Participants come from the surrounding communities and from Boston and Manhattan, says member Rabbi Danny Price. Those early meetings were mostly used to exchange ideas and decompress from High Holiday preparations back home.
“Over the course of our meetings, we discovered that we had a spirited group steeped in wonderful music and a desire to share tefilla, Jewish education, and stories with one another,” says Price. As more friends and family members attended the meetings, the group realized that they had created an ideal place to share this professional “ruach,” or spirit, with laypeople.
A year later, Am Hayam – The People of the Sea – had found a name and a direction.
“We see it as a great way to both educate and learn and get feedback, as well as provide a service to an area not served locally by a synagogue,” Price says. “Our congregation is unorthodox, as it is not lay-led, but professionally led, yet no one is paid. It is a sort of Summer Stock of shuls or workshops where professionals can work on their craft, share with one another in order to broaden each other’s horizons, all the while sharing with laypeople the fruits of their work. We offer a rare insight into the workings of Jewish professionals with the intention of never making our guests feel uncomfortable. In fact, it is just the opposite: we hope that participation in our group will encourage people to get involved in synagogue life in their own communities.”
Lay people benefit from this intimate access to clergy and teachers in a setting where they have an equal voice, Price says. “The idea is to cut down the barriers that set apart leaders and congregation.”
Am HaYam’s worship resembles a kumzitz or communal bonfire led by professionals and laypeople alike, characterized by a lot of singing. They meet in a private home, up to 12 professionals – some from as far away as Manhattan and Boston — and five lay people at any given time.
Price is familiar with the concept of a summer shul. His grandfather, a pharmacist by profession, was also a cantor and kol bo – one who leads both the speaking and singing prtions of the service – who led summer services through the ‘60s at a summer synagogue in Pine Lake Park, now in Cortland Manor in northern Westchester County, N.Y.

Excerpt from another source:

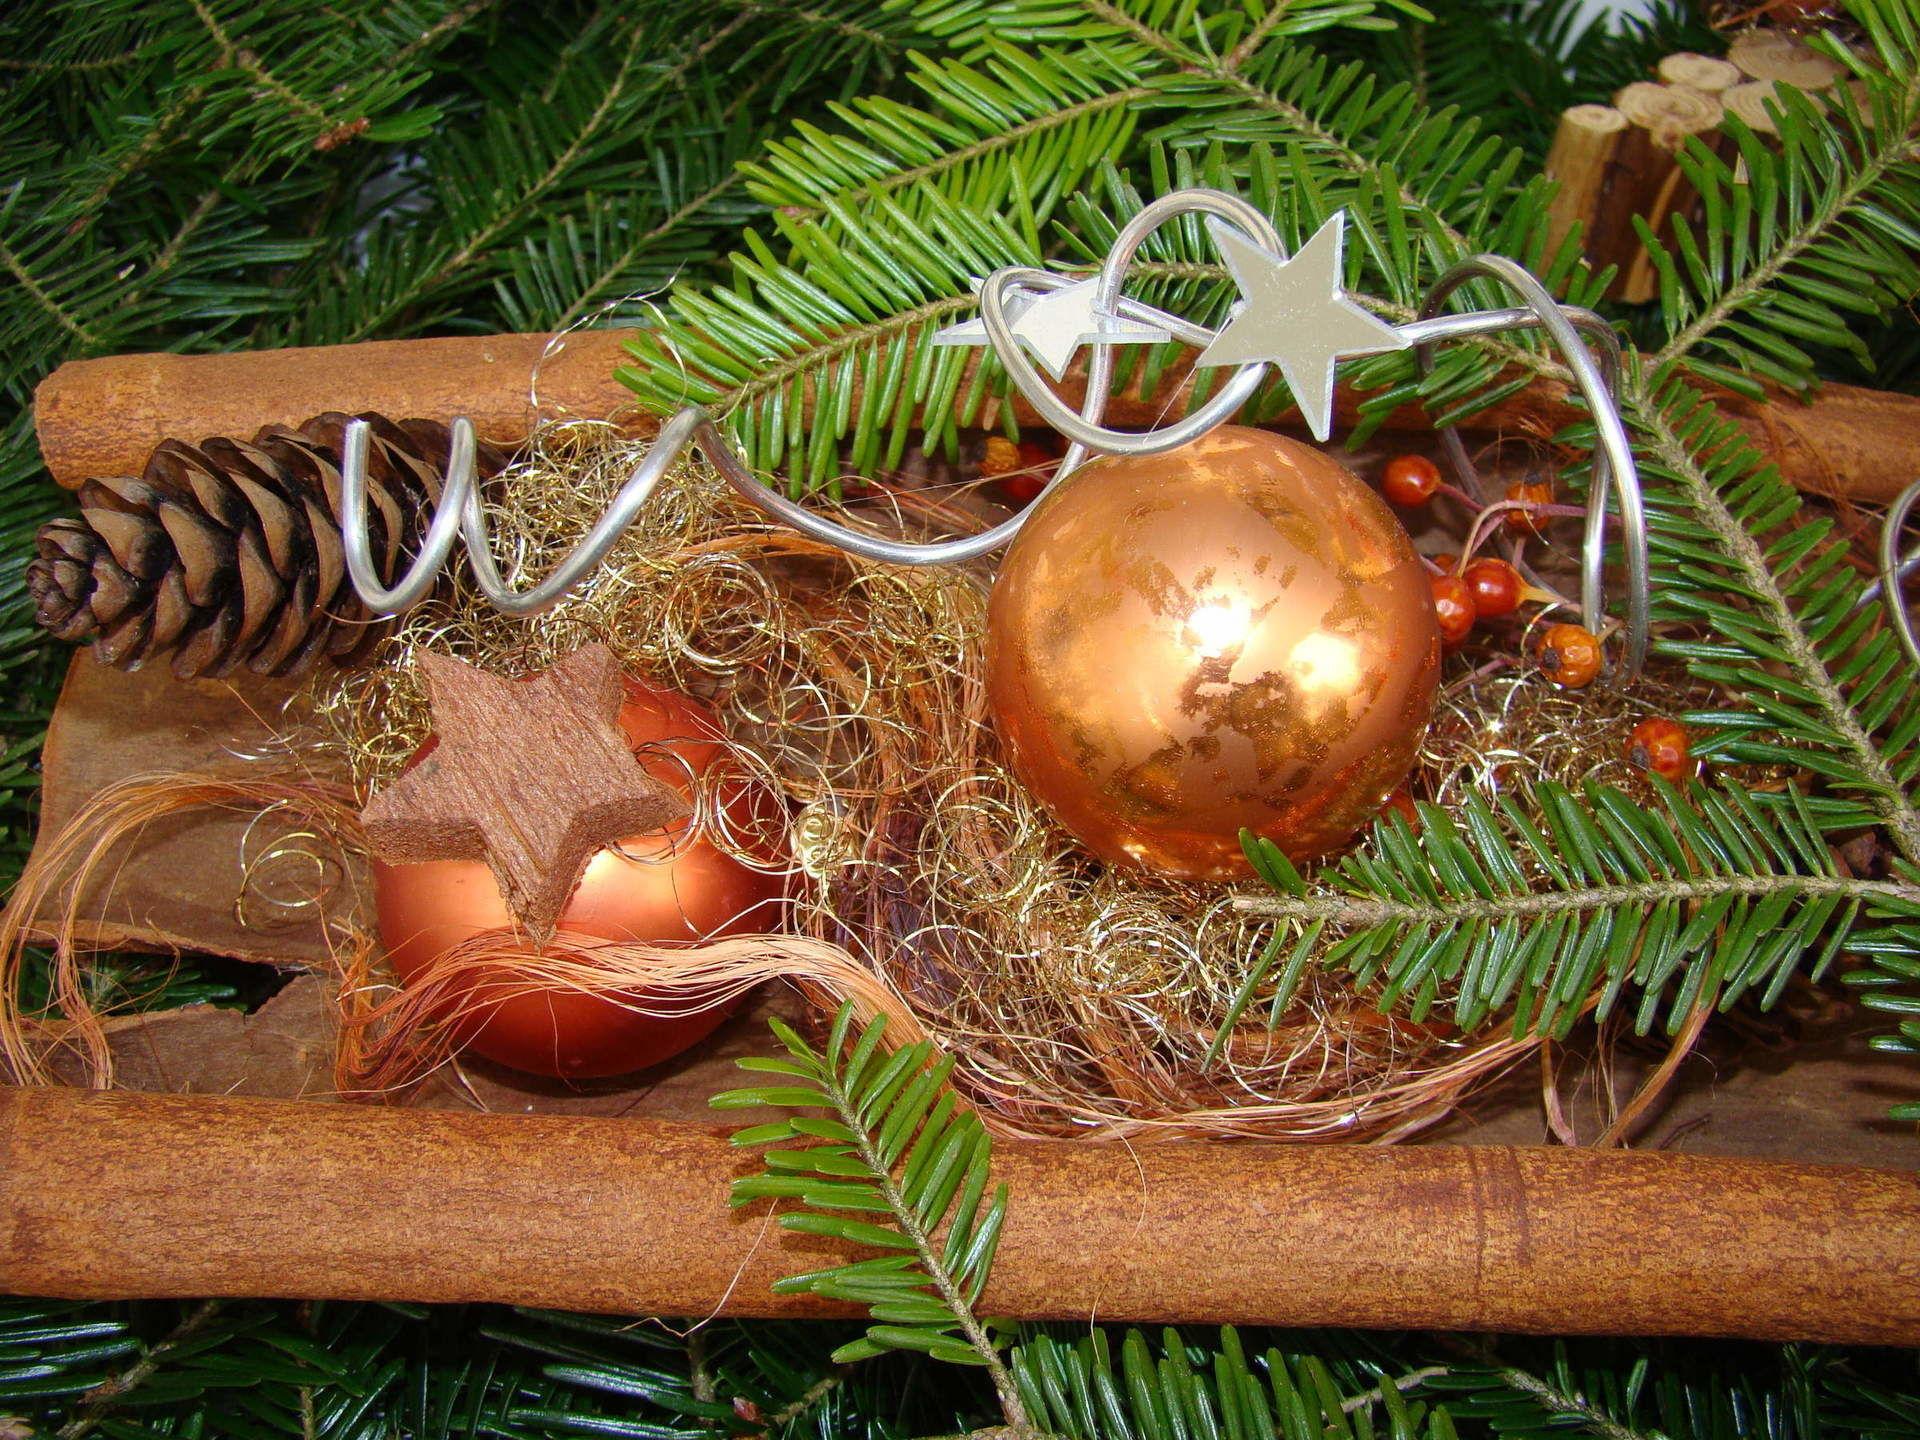 weihnachten silvester urlaub cuxhaven nordsee wattenmeer. Black Bedroom Furniture Sets. Home Design Ideas

Am HaYam is pluralistic by nature, unaffiliated with any denomination, and, says Price, “I would consider us liberal in practice with deep respect for Jewish tradition.  I would not call it Jewish Renewal, although some professionals may bring certain renewal aspects to their teachings. It has a much longer back story and it is still very much a work in progress.”
Price says that Am HaYam is not out to siphon members from the closest synagogues in Madison and Deep River-Chester, each of which is at least 20 minutes away from Old Saybrook. Rather, Am HaYam seeks to provide a resource for people temporarily summering in the area, or to attract those who otherwise would not join a synagogue. The congregation meets at its summer home and is in the process of creating a regular schedule; regular Friday-night services should be offered by summer 2013.